Research Access and Ethics in Myanmar

Kristina Simion [1]

In early 2014, I arrived in Myanmar for a socio-legal study of rule of law intermediaries – parties who mediate, translate, broker or “go-between” – that emerged when foreign organisations flocked to Myanmar to initiate rule of law assistance in the aftermath of the reforms that followed the 2010 elections.[2]

As my research focus had developed in 2011, the prospects of conducting empirical field research in Myanmar were uncertain. Myanmar had been restricted to foreign researchers during military rule,[3] when access to information and reliable sources were difficult to obtain, and research was more commonly conducted by outside observers.[4] And even when transition was underway there was little indication of development activities that focused on the rule of law.

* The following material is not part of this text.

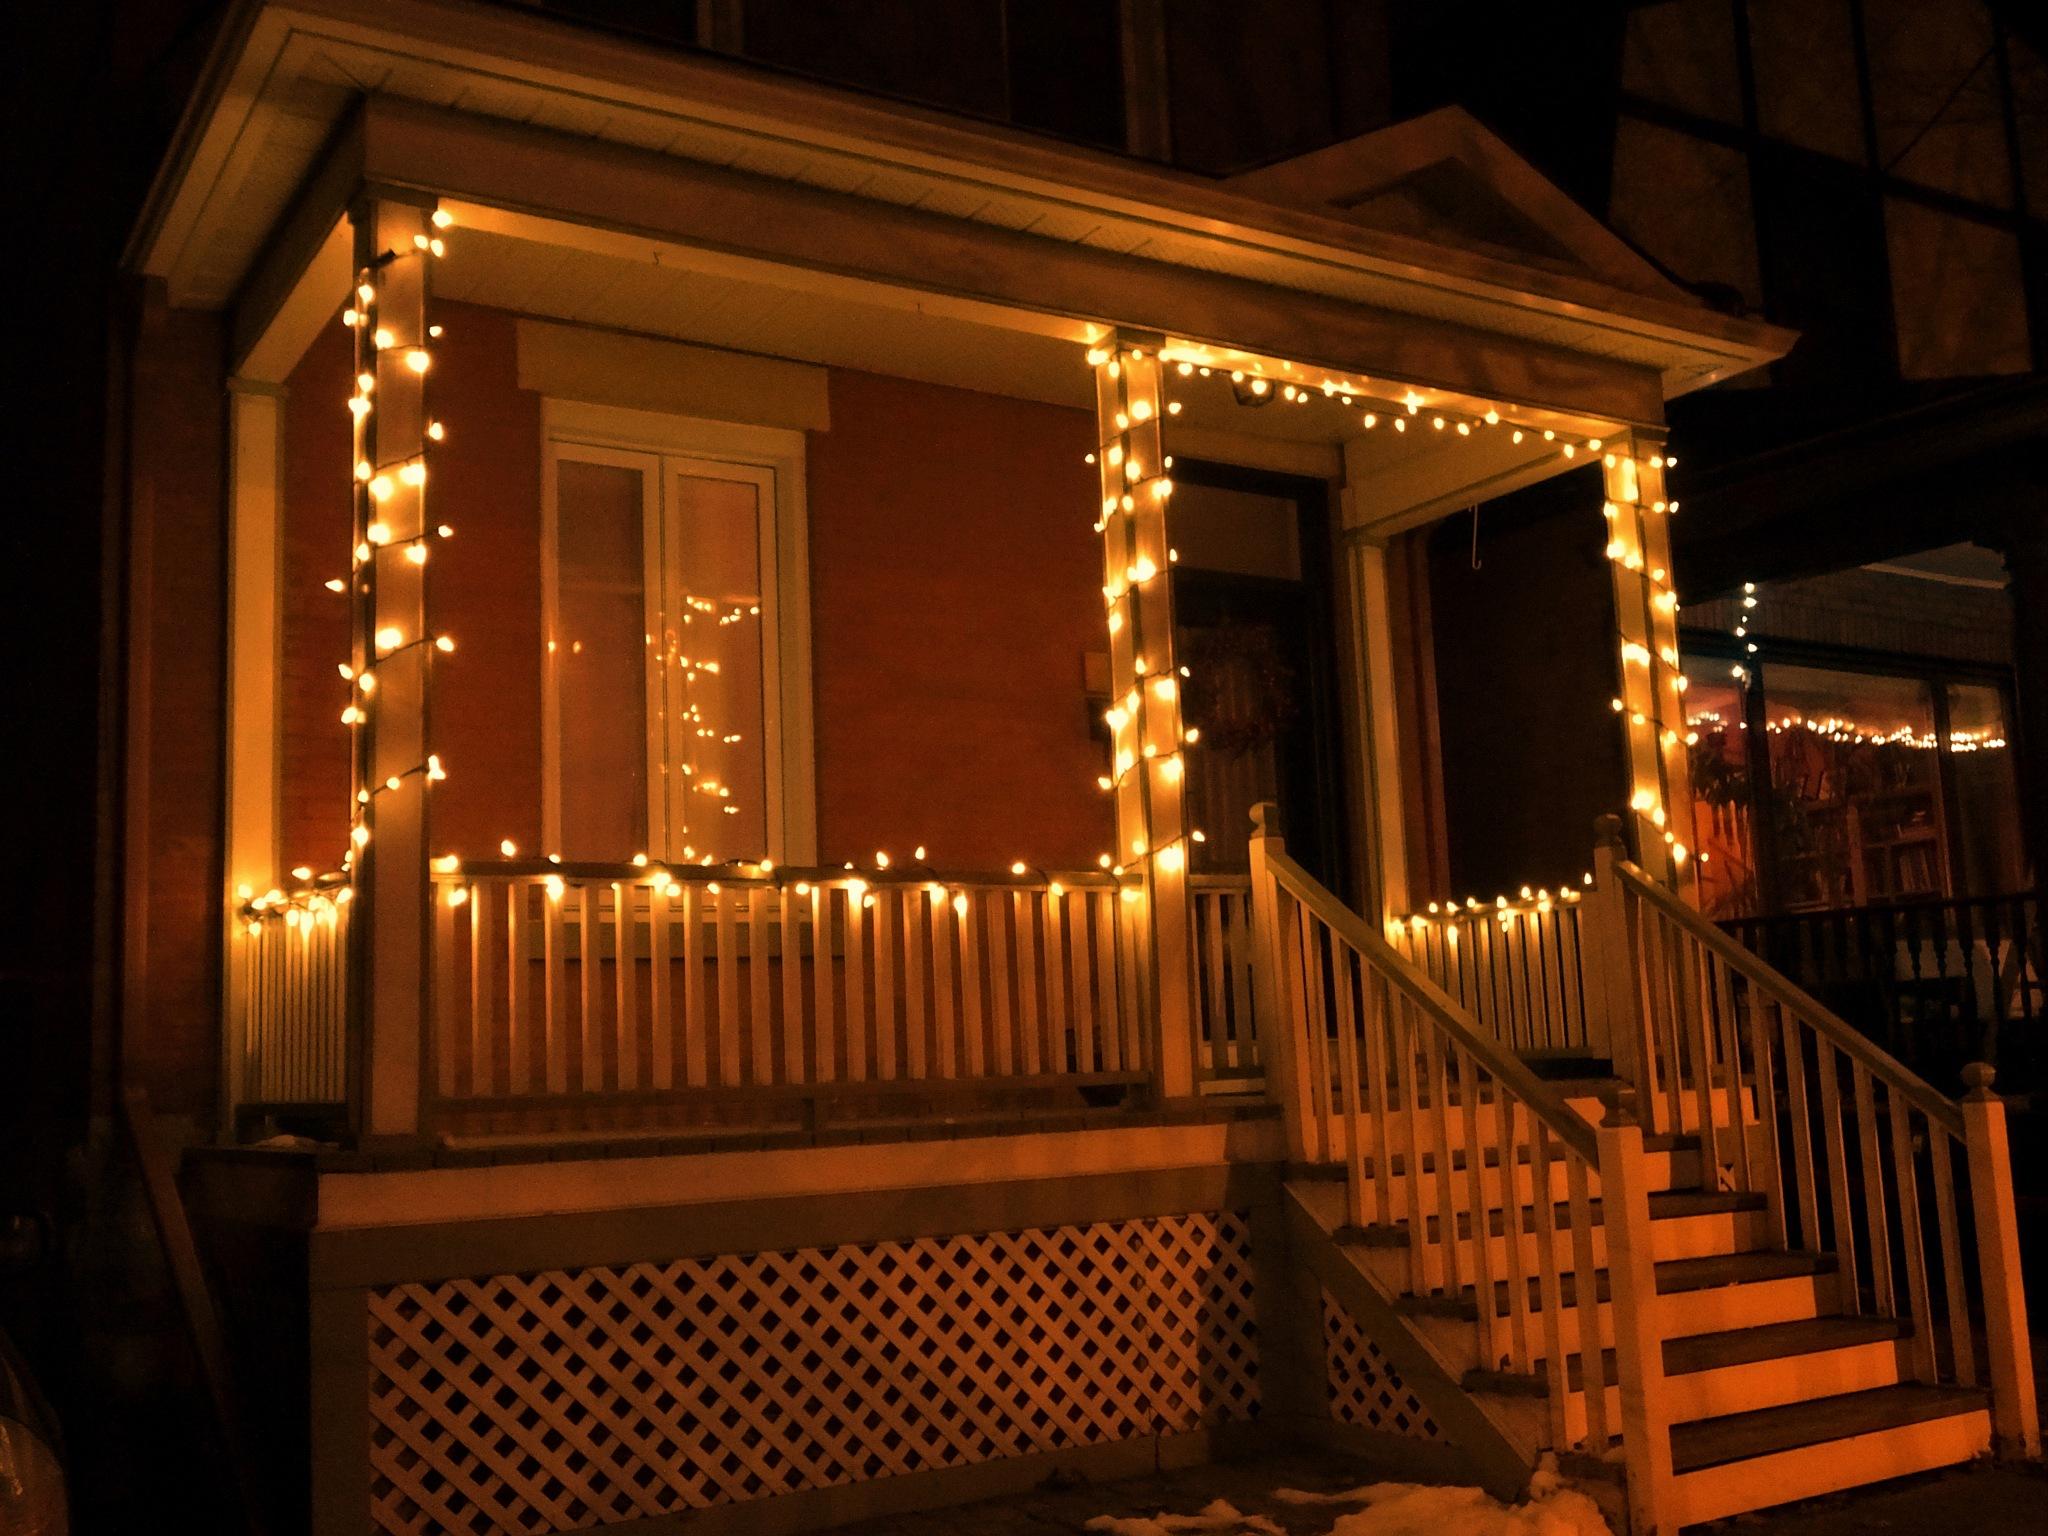 Christmas Lights by Dino DiLabio

In late 2012, foreign rule of law actors started to conduct assessments to identify Myanmar’s rule of law deficits and possible solutions.[5] Thereafter, an increasing number of foreign development actors established a field presence and initiated activities to promote the rule of law. Because of the frantic rule of law activities that were on the rise, and although I was concerned about the ethical dimensions of entering a setting that was already constrained by an abrupt foreign presence, I decided to give fieldwork a try.

While my project started out as a qualitative case study,[6] because of the access I gained, it came to be significantly informed also by ethnographic methods such as accompaniment and observation.[7] My direct interactions with individuals in the rule of law community informed my “thick descriptions” of the social groups that I studied[8], and I was able to observe the way rule of law intermediaries emerged and immersed themselves in that field in a historical moment.

I.    My Role as an “International” Researcher

I approached the research site as an “international” and foreigner.  Deliberately, I sought my first contacts amongst foreign practitioners. While my approach could result in an overemphasising of the “international,”[9] I wanted to understand foreign practitioners’ experience of working in a new setting that was culturally and linguistically inaccessible and thus how they became reliant on intermediaries. Also, because of my own background as a rule of law practitioner it seemed the most representative point from which to navigate the setting.

My first encounter with the expat community in Yangon was through an invitation by a foreign lawyer to a boat party on Yangon River. Perplexed by such an invitation, I dressed up for what I suspected to be a cultural event or a professional mingle with lawyers. On my arrival at Yangon harbour and the sight of a rusty old boat filled with expats in flip flops and St Patrick’s Day attire, I realised my misinterpretation. While attracting some stares throughout the night and feeling very new in town, surrounded by American journalists, Russian oil and gas consultants, French gas entrepreneurs, embassy staff and development practitioners, the boat party did open up access that might otherwise have taken considerable time to gain.

II.    Access to Research Participants

After that initial opening, considerations on how to how to best approach respondents and in what sequence became important. As Myanmar was a new “hot spot” for development I had to consider carefully the possibility that potential respondents would already be constrained by other meetings. Also, being reflexive in my role as a foreign researcher was central.  As Denzin and Lincoln suggest, in post-colonial settings qualitative research may carry imperial connotations of power, truth, and knowledge.[10] In Myanmar such complexities are further exacerbated by decades of isolation during military rule which contributed to limited interactions with foreigners.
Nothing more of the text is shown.